Gets partition bounds from vep_context HT.
Derives partition file names from index directory names.
Saves all metadata to partition_info.json.
- Parameters:
ht_path (
str) – Path to HT.- Return type:
tuple[list[int],list[dict],list[str]]- Returns:
Tuple of (counts list, bounds list, partition file names list).
- gnomad_qc.v4.annotations.recover_and_complete_vep115.reconstruct_partial_ht(schema_ref_path, output_path, partition_counts, partition_bounds, part_file_names)[source]
Reconstruct the partially written HT by updating metadata from schema reference.
Assumes the partial HT has already been copied to output_path and partition info has been read.
- Parameters:
schema_ref_path (
str) – Path to schema reference HT.output_path (
str) – Path to copied partial HT (will update metadata in place).partition_counts (
list[int]) – List of per-partition row counts.partition_bounds (
list[dict]) – List of per-partition range bounds.part_file_names (
list[str]) – List of partition file names.
- Return type:
- Returns:
The reconstructed Hail Table.
- gnomad_qc.v4.annotations.recover_and_complete_vep115.load_context_ht(version='101')[source]
Load the gnomAD context HT.
- Parameters:
version (
str) – Version of the context HT to load.- Return type:
- Returns:
Context Hail Table.
- gnomad_qc.v4.annotations.recover_and_complete_vep115.load_partial_vep_ht(partial_vep_ht_path)[source]
Load the partial VEP HT.
- Parameters:
partial_vep_ht_path (
str) – Path to partial VEP HT.- Return type:
- Returns:
Partial VEP Hail Table.
- gnomad_qc.v4.annotations.recover_and_complete_vep115.prepare_context_ht(ht)[source]
Prepare context HT by dropping existing VEP annotations.
- gnomad_qc.v4.annotations.recover_and_complete_vep115.get_variants_that_need_vep(context_ht, partial_vep_ht)[source]
Get variants that need VEP.
- gnomad_qc.v4.annotations.recover_and_complete_vep115.filter_problematic_variants(ht)[source]
Filter out variants in regions that cause VEP to fail.
Specifically filters the chr18 centromere (chr18:15460900-20861207) which contains variants that cause VEP to return ‘-nan’ in the context field, leading to JSON parsing errors.
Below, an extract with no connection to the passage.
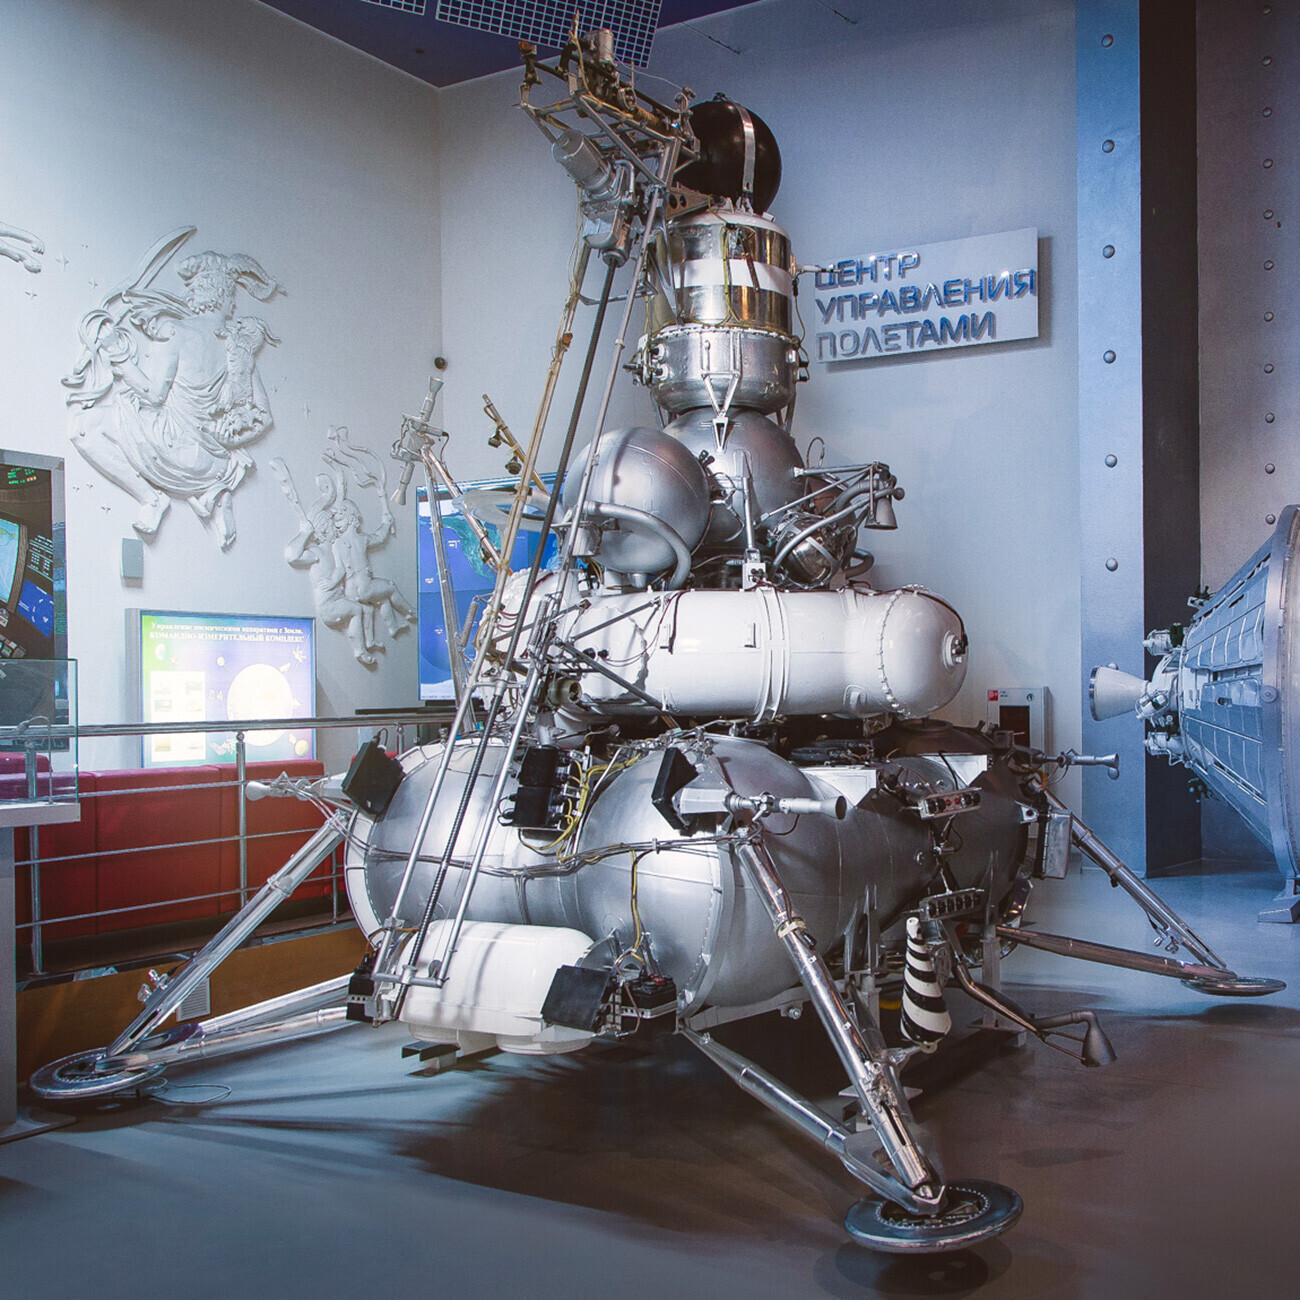 Советские аппараты луна. АМС «Луна-24». Луна-24 автоматическая межпланетная. Луна-20 автоматическая межпланетная станция. Автоматическая станция Луна-25.

This region will be investigated separately.
- gnomad_qc.v4.annotations.recover_and_complete_vep115.filter_to_centromere_variants(ht)[source]
Filter to ONLY variants in the chr18 centromere region.
This function is used to isolate centromere variants for VEP processing with a modified configuration that excludes the context plugin (which causes ‘-nan’ errors).
- gnomad_qc.v4.annotations.recover_and_complete_vep115.run_vep_on_remaining(ht, vep_config_path='file:///vep_data/vep-gcloud.json')[source]
Run VEP on variants that need it.
- gnomad_qc.v4.annotations.recover_and_complete_vep115.run_vep_on_centromere(ht, vep_config_path='file:///vep_data/vep-gcloud.json')[source]
Run VEP on chr18 centromere variants.
WARNING: This step requires using a VEP init script that does NOT include the ‘context’ plugin in the VEP command, as the context plugin causes ‘-nan’ errors for variants in centromeric regions.
- gnomad_qc.v4.annotations.recover_and_complete_vep115.add_vep_metadata(ht, vep_config_path)[source]
Add VEP metadata (version, help, config) to global annotations.
- gnomad_qc.v4.annotations.recover_and_complete_vep115.combine_vep_results(context_ht, partial_vep_ht, revep_ht, centromere_revep_ht, vep_config_path='file:///vep_data/vep-gcloud.json')[source]
Combine VEP results from partial HT and newly VEPed variants.
Annotates context HT with VEP from multiple sources in priority order:
Partial VEP HT (from original run).
ReVEP HT (newly VEPed non-centromere variants).
Centromere ReVEP HT (VEPed centromere variants).
Variants not covered by any source will have missing VEP annotations.
- Parameters:
context_ht (
Table) – Context Hail Table.partial_vep_ht (
Table) – Partial VEP Hail Table with VEP annotations on the context HT key.revep_ht (
Table) – Hail Table with newly VEPed variants (excluding centromere).centromere_revep_ht (
Table) – Hail Table with VEPed centromere variants.vep_config_path (
str) – Path to VEP config file.
- Return type:
- Returns:
Final combined Hail Table with VEP metadata.